Eventually, Live started to feel better about the city, I guess, because a few years ago members of the band announced a major project to revitalize the city’s economy: a high-speed fiber-optic cable that would run from New York City to a Virginia suburb of Washington, D.C. The neighborhood garage band is all grown up; data is the new punk rock. 

Unfortunately, they made some poor personnel decisions, like hiring a C.E.O. with a rap sheet worthy of a Dickens villain, including burglary, fraud, and Army desertion. This C.E.O. appears to have taken millions in public funds—provided recently by government paycheck protection loans, and previously by state and local grants—and spent them mostly on publicity stunts. In 2015, he donated thirty thousand dollars to Kate Gosselin’s charity on an episode of The Celebrity Apprentice. It is also alleged that he used company funds to support his hobby racing Stadium Super Trucks, which is a literal stunt involving tiny pickup trucks with giant wheels doing flips off skateboard ramps. Most extravagantly, before the fiber-optic cable was even laid, this C.E.O. spent fifteen million dollars sponsoring Marco Andretti’s race car. 

He’s not the C.E.O. anymore—he’s busy being prosecuted for sex crimes—but perhaps it’s obvious by now that the fiber-optic “solutions” company didn’t deliver on its promise to transform the city’s economy.
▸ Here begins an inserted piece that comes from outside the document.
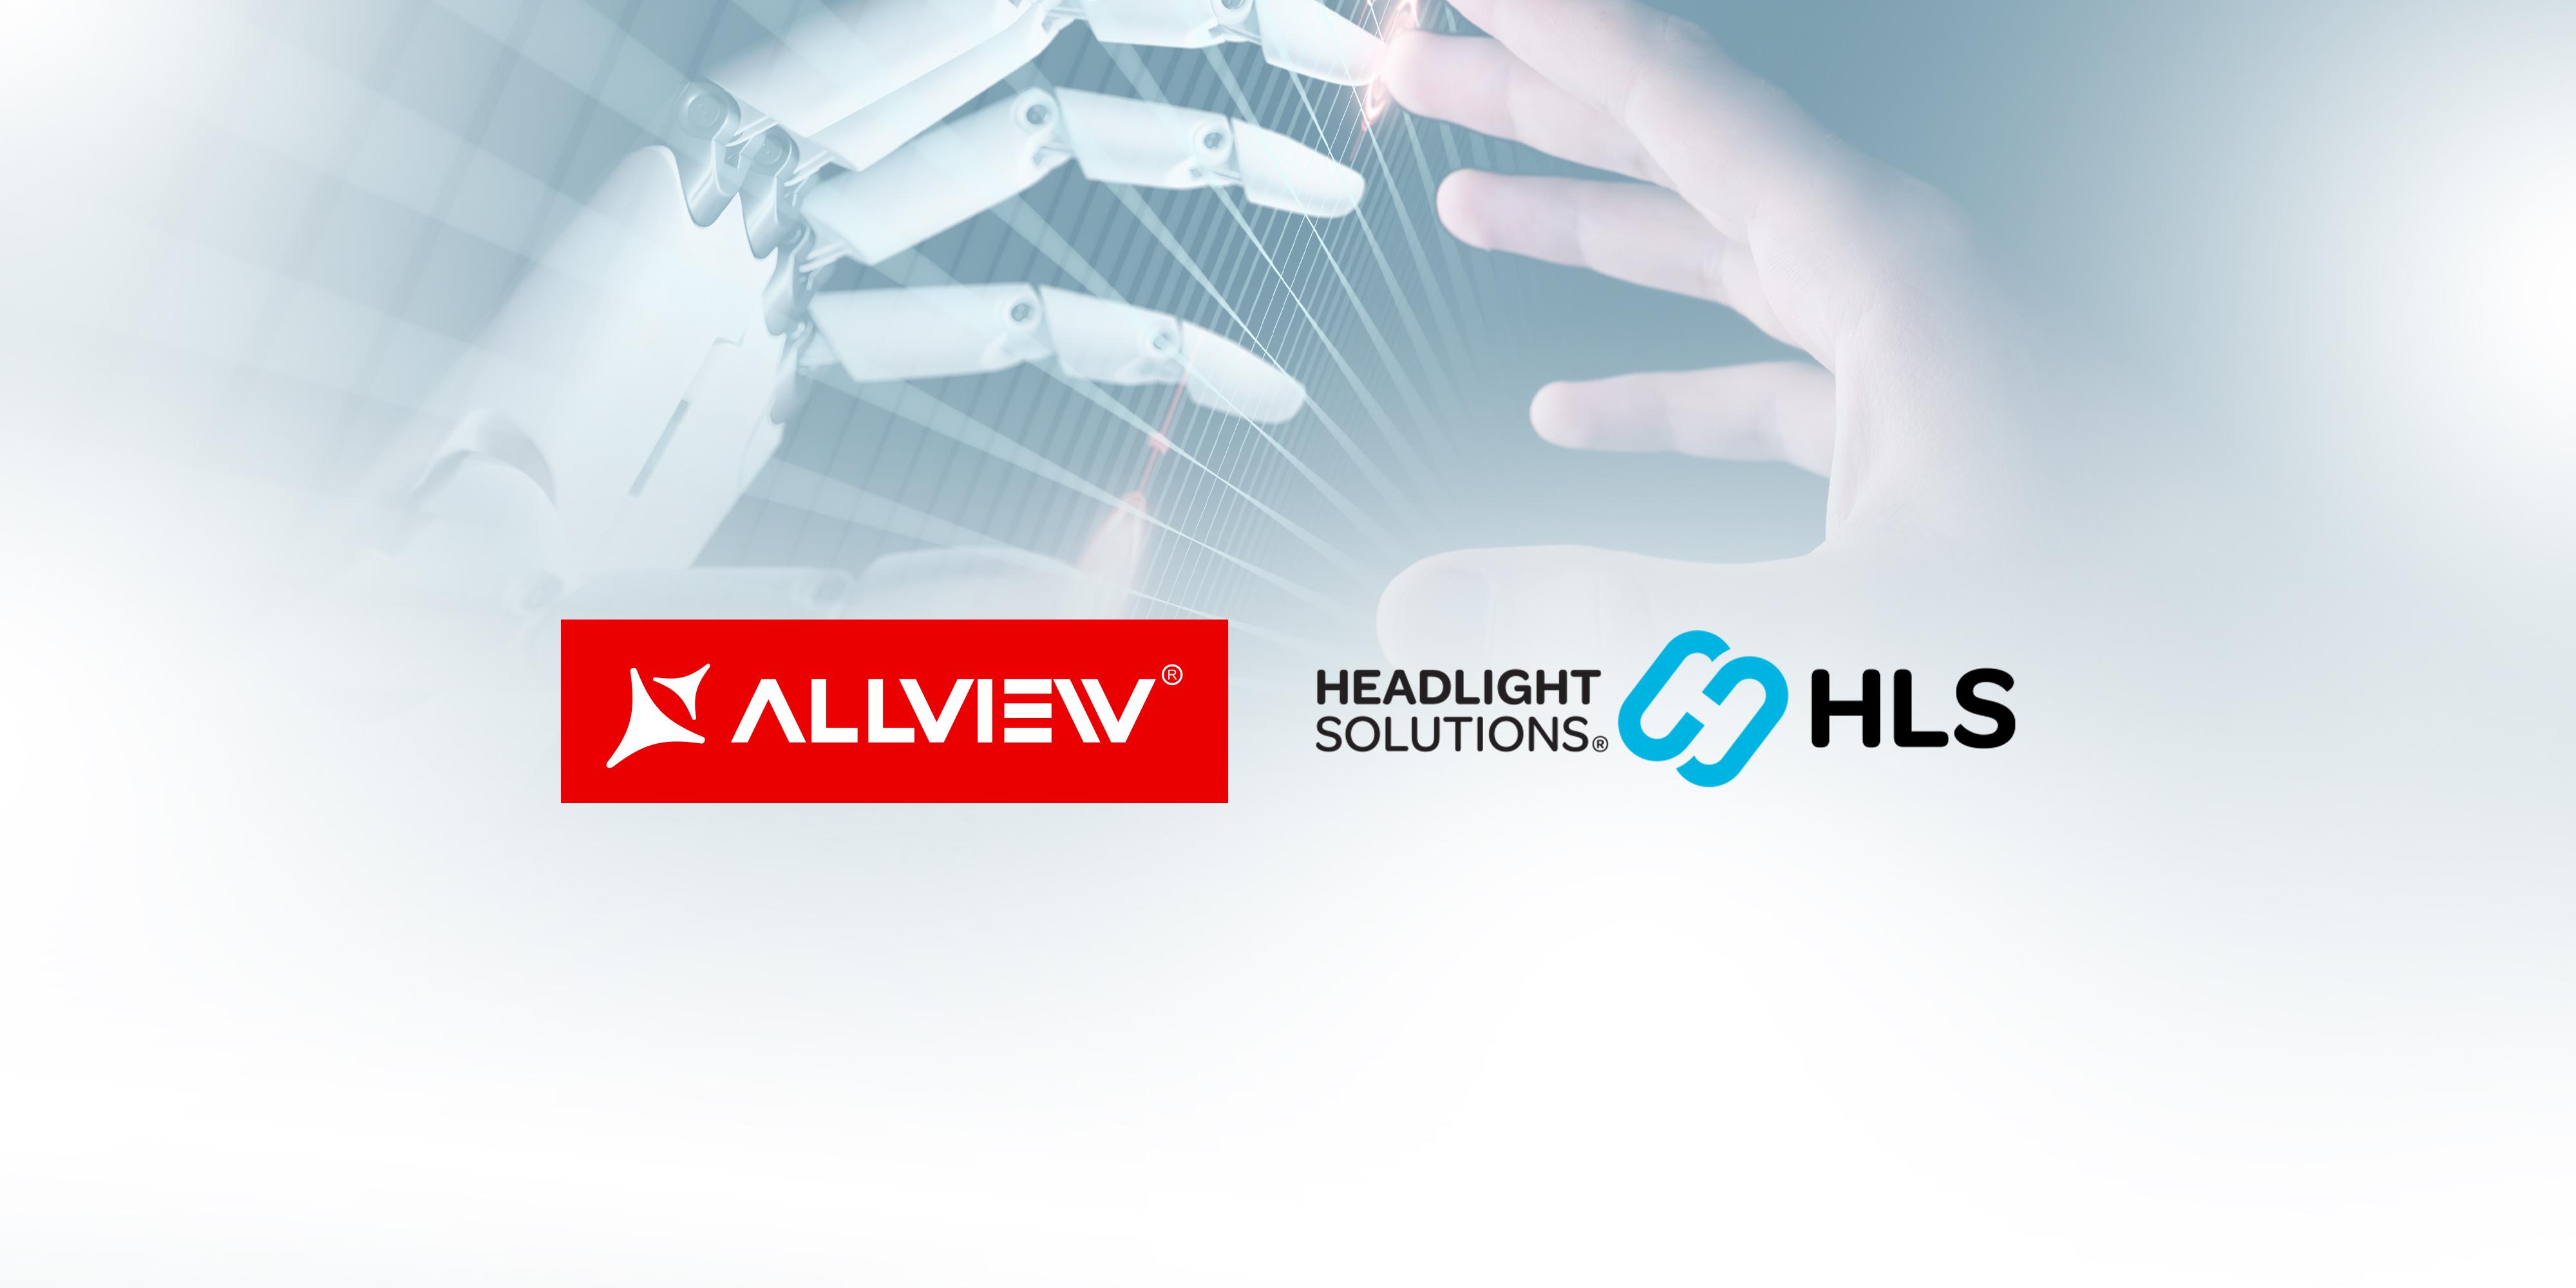 Visual Fan devine asociat al Headlight Solutions, dezvoltator de soluţii software şi hardware
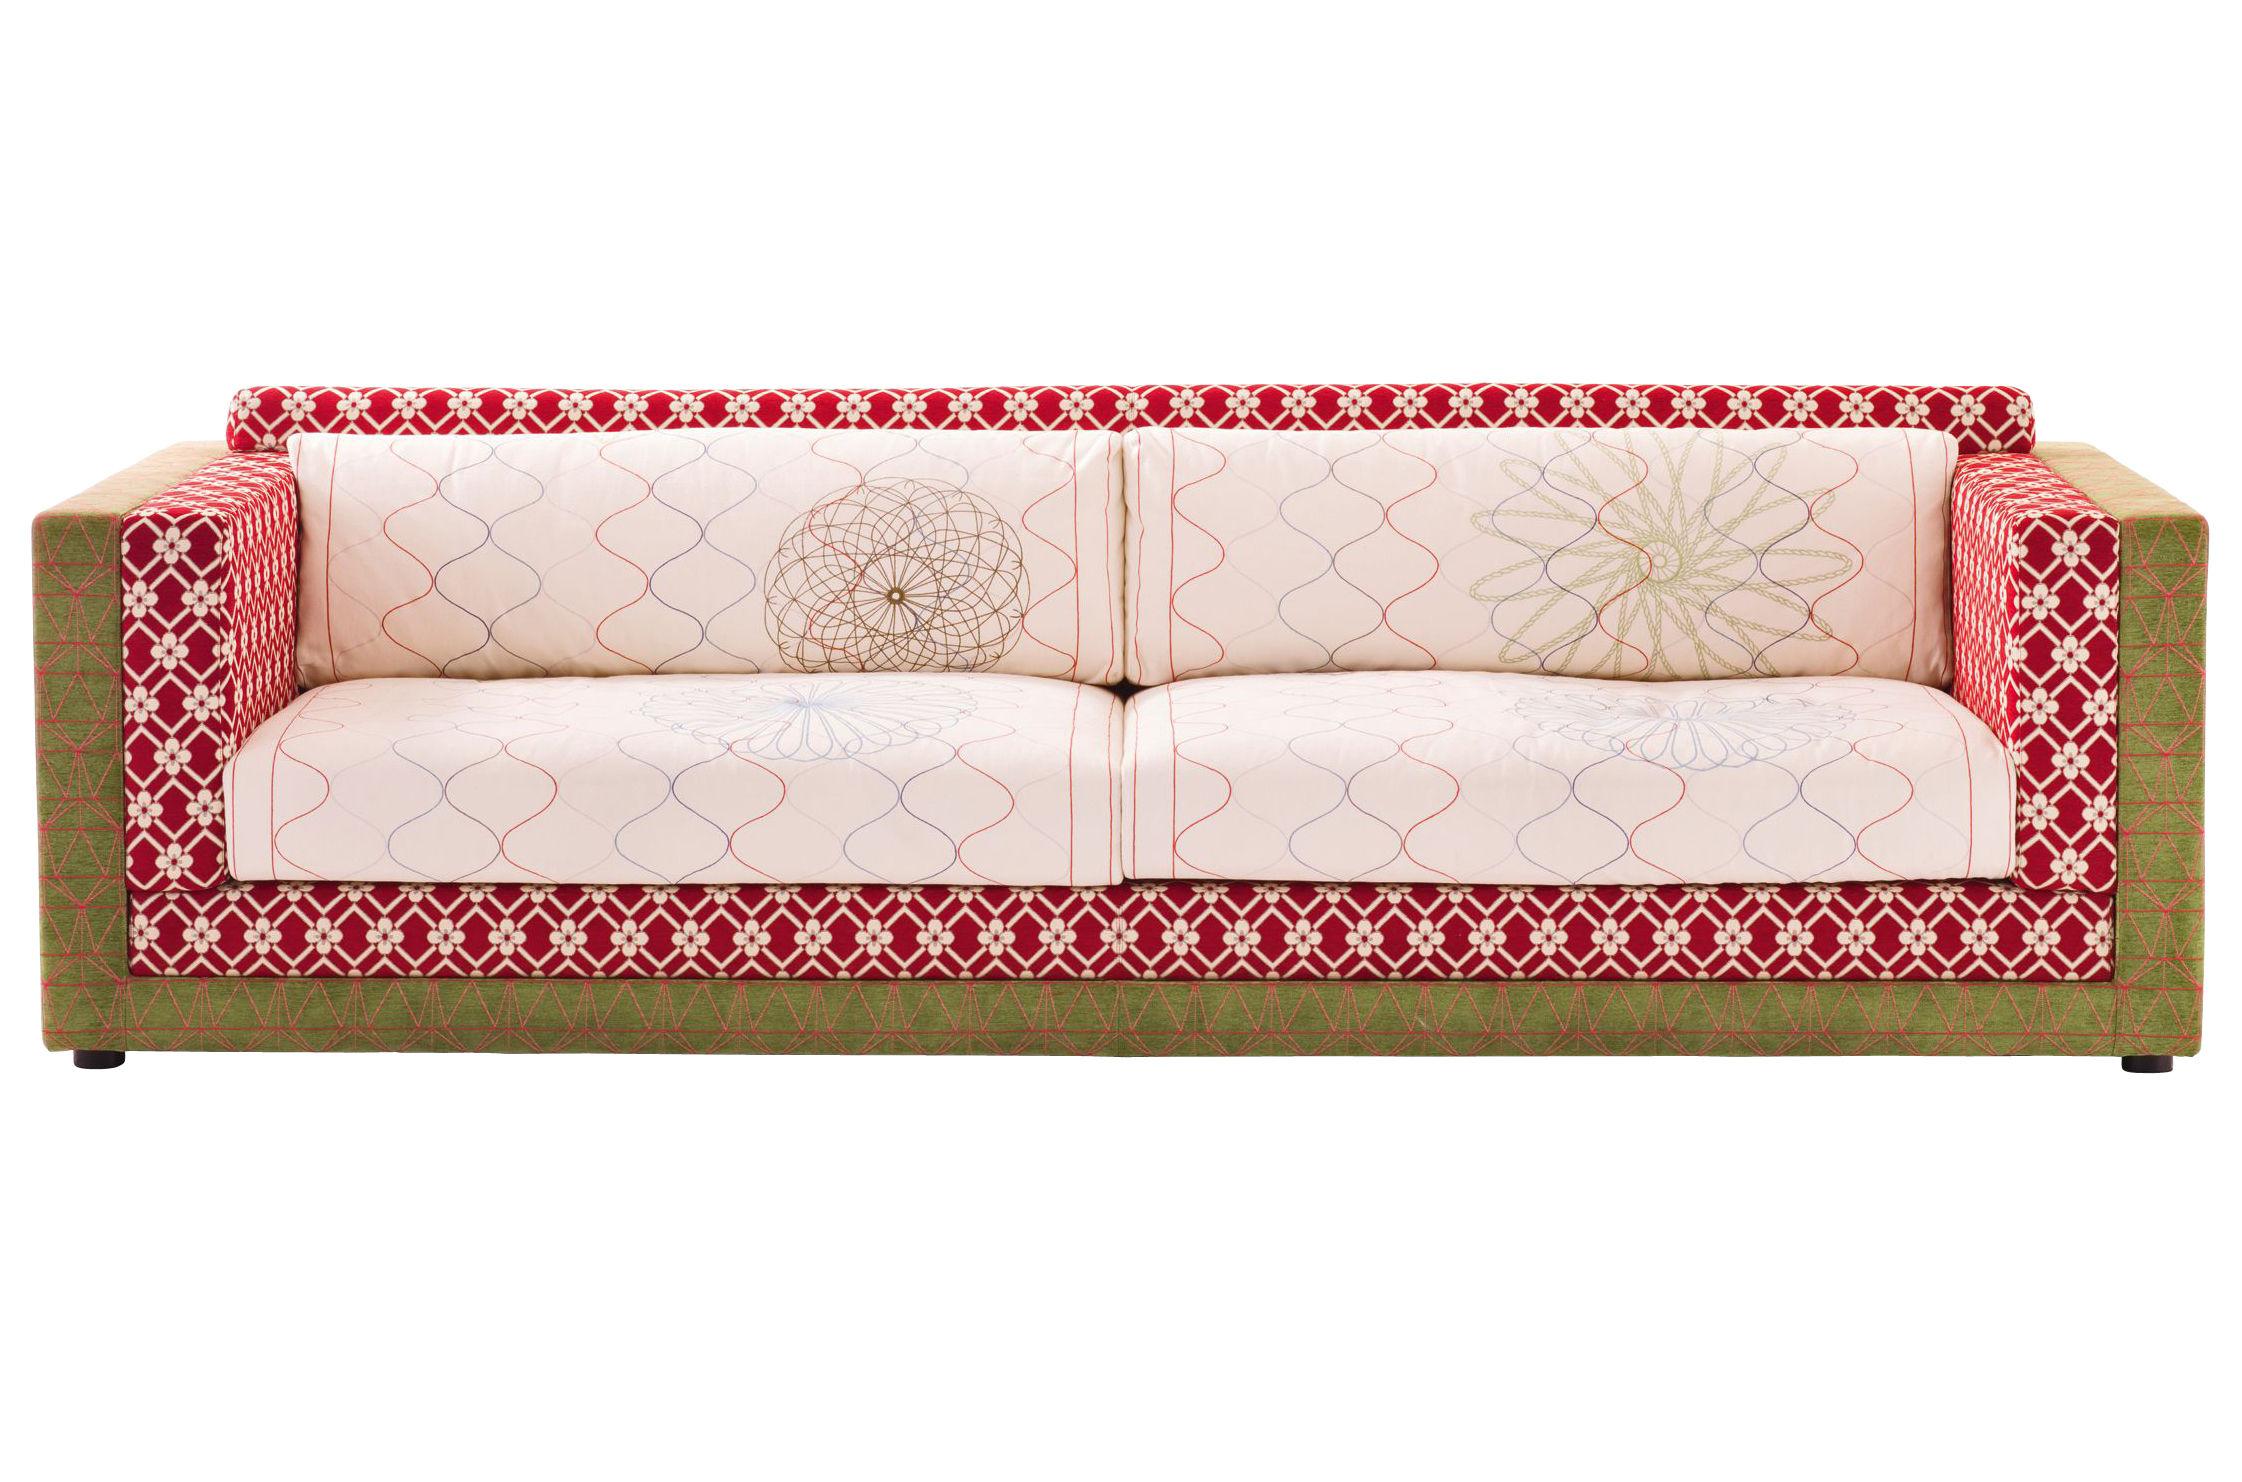 Mobilier - Canapés - Canapé droit Sushi - Karmakoma / 3 places - L 210 cm - Moroso - L 210 cm - Blanc, rouge et vert - Tissu

We are resigned to our fate as a literal Shit Towne. Live can recoup whatever losses it incurred in the fiber-optic fiasco by going on a reunion tour to South Africa, but the mayor hasn’t got that option. 

It’s a hard job he has, our poor mayor. When I finally met him at the bar that night with his seedy friend, he looked haggard and exhausted, a cross between a Civil War re-enactor and, well, a guy who smokes crack at the bar: prematurely silver hair in a ponytail, scraggly beard, rough skin, cargo shorts. He lit up when I told him my last name, though: he knows my dad, my brother, my other brother. He complimented my nieces and nephews for being cute (they are) and praised my dad for running the local baseball league (he does). I thought for a minute about doing a concerned-citizen act and confronting the mayor: how could he agree to the sale of our necessary infrastructure, how could he have let these fiber-optic pirates swindle the community, was he really smoking crack at the joint across the street? But it’s a hard job, running a place like this; he looks like he’s aged twenty years since his campaign photo was taken. While I send emails to New York all day from my perch above our city, and occasionally skim the local paper for writing material, he’s actually responsible for this crazy place. I clinked his pint glass and went back upstairs. 

These days, I see him often; at the farmer’s market, at the minor league baseball stadium, at the block party. A few weeks ago, he went to see a band of local dads play Led Zeppelin covers at the brewpub behind my apartment. He stood beyond the perimeter of the patio, with his ponytail and tie-dye shirt, smoking placidly. We waved to each other. When my boyfriend returned from the bathroom, I whispered excitedly: Look, the mayor! But he had already gone.